Peanuts – energy boosting nuts: The chilly season makes us crave warmth and nourishment. One delicious and nutritious way to satisfy our cravings is to eat peanuts in winter. Peanuts are affordable yet nutritious additions to your winter diet. They are rich in protein, beneficial fats, and minerals. These energy-boosting nuts are perfect for keeping the body warm. High in vitamin E, peanuts work as antioxidants, supporting your immune system and helping fend off seasonal illnesses. You can counter skin dryness during winter with the biotin content in peanuts. It can help to give you healthy and radiant skin. Peanuts have a low glycaemic index, thus they help to control blood sugar levels, making them a good choice for winter health. Peanuts are a good source of essential vitamins and minerals like vitamin B3, copper, and phosphorus, which are crucial for maintaining overall health and well-being during the winter months. Choose organic peanuts to ensure you get the purest quality, free from added chemicals.
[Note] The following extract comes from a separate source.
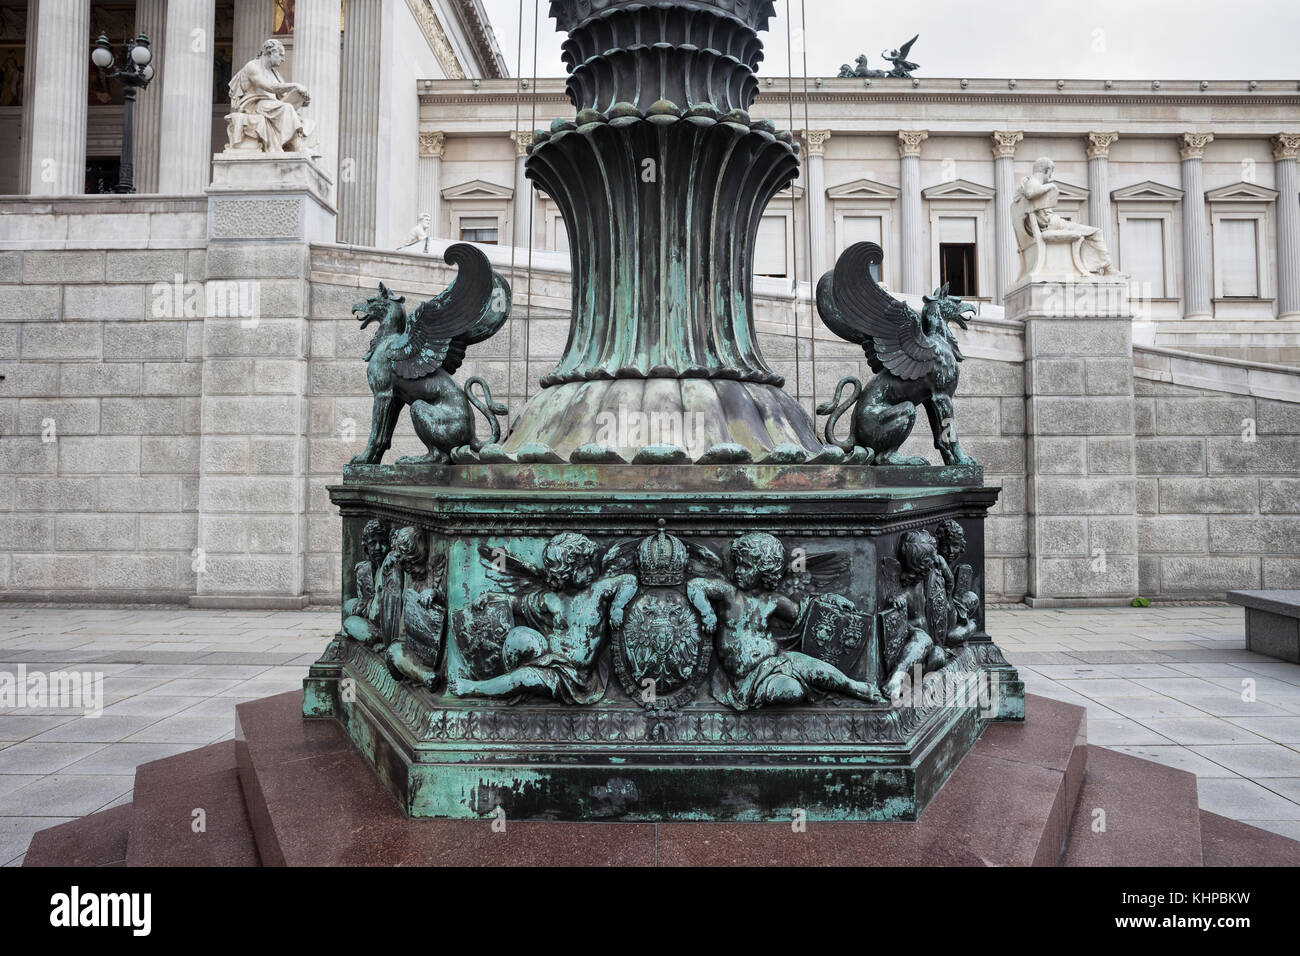 Griffins and herubs sculptures at the ornate bottom of a mast in front of Austrian Parliament Building in Vienna city, Austria Stock Photo
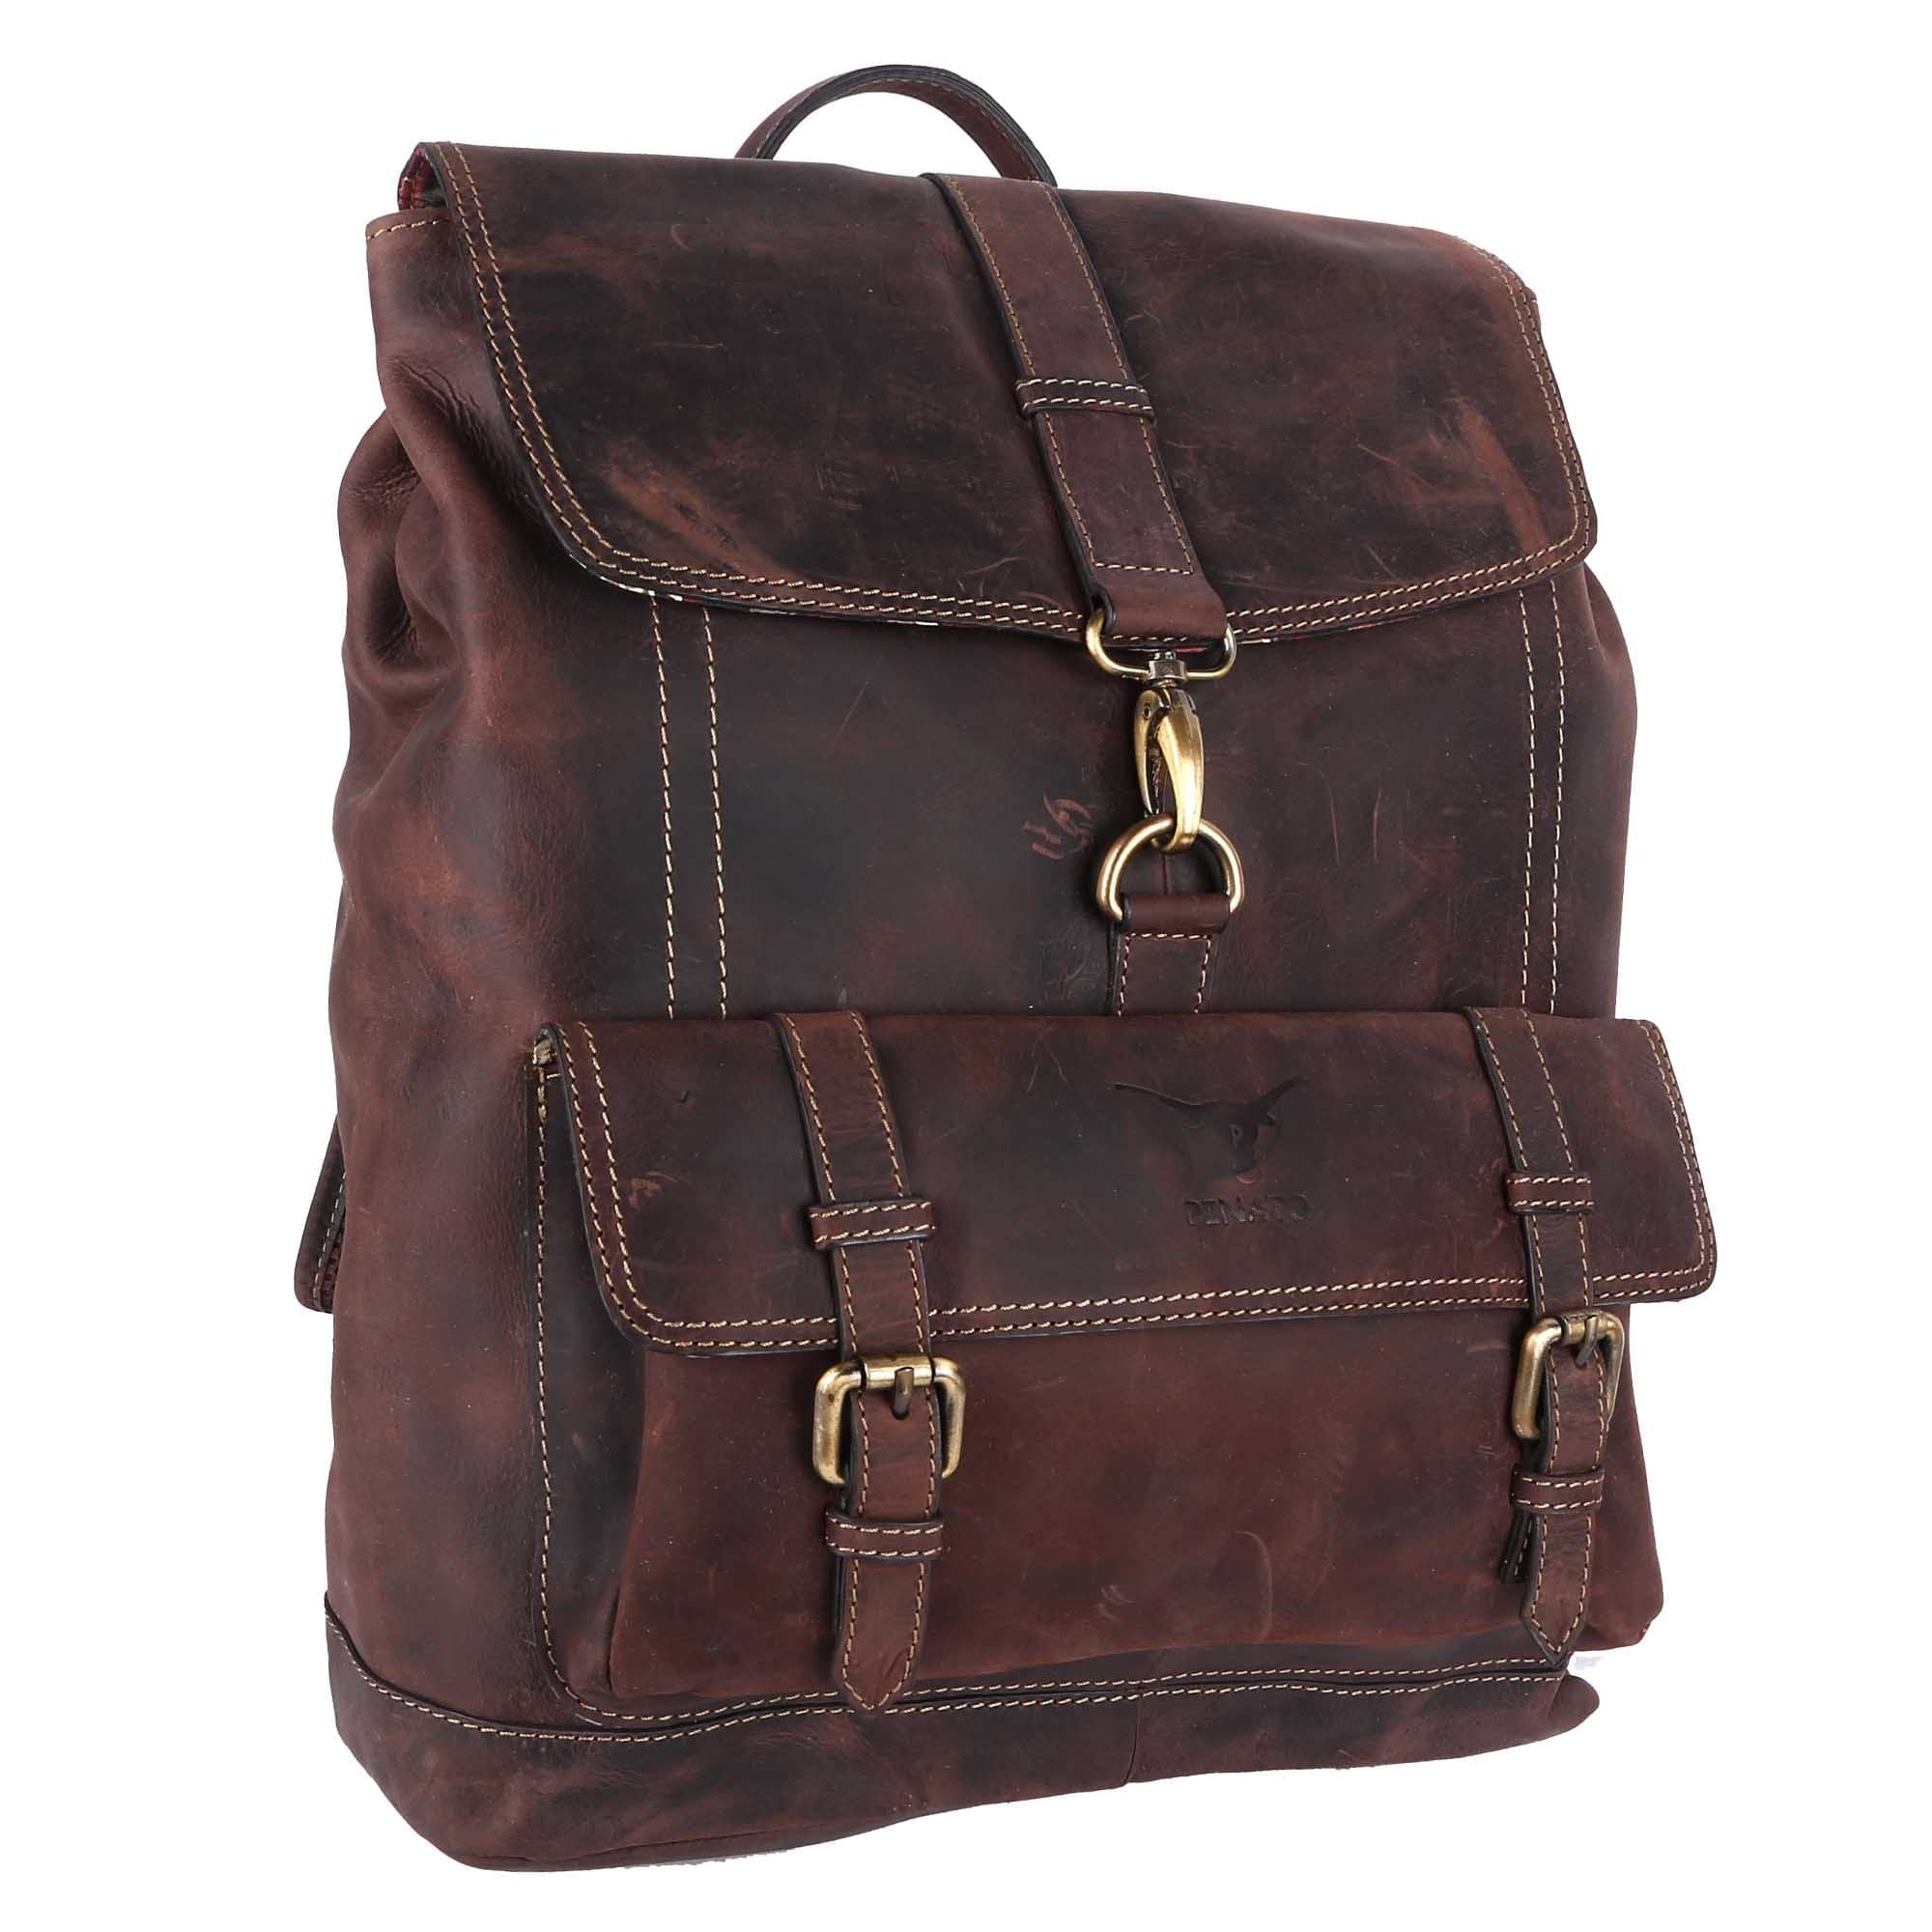 Pinato Genuine Leather Backpack Brown for Women & Men (PL-7717)

Figs – keeps blood pressure in check: Figs are the greatest dry fruit for keeping blood pressure in check. They help to lower blood pressure and regulate it more effectively. Fig is high in calcium, iron, magnesium, copper, potassium, selenium, and zinc. While potassium helps to balance the body fluids that regulate blood pressure and heart rate, iron is a vital mineral required for the formation of red blood cells and overall health. They are excellent for digestion and are known to relieve cold symptoms by providing natural warmth to the body. Adding figs to your winter diet can enhance skin health and promote better sleep.

In a nutshell:

Dry fruits Keep energy levels high: Dry fruits can help you give yourself an energy boost for the day and beat the lethargy out of your system. Eating a small bowl of mixed dry fruits in the morning can help keep you energised all day.

Prevents weight gain: Winter often involves indulging in fatty foods. But dry fruits and nuts can counteract this by reducing hunger pangs and keeping you feeling full. They also have high fibre content, which promotes healthy digestion and weight loss.

Daily dose of nutrition: Dry fruits contain 3.5 times more fibre, minerals and nutrients than their fresh fruit counterparts and it is easier to consume on the go. Including a small quantity of dry fruits to your diet can be immensely beneficial to you during the winter. A mixture of dry fruits can provide you with a considerable amount of your daily nutrient requirements.

How much dry fruits to consume in a day? There’s no one-size-fits-all answer; moderation is key.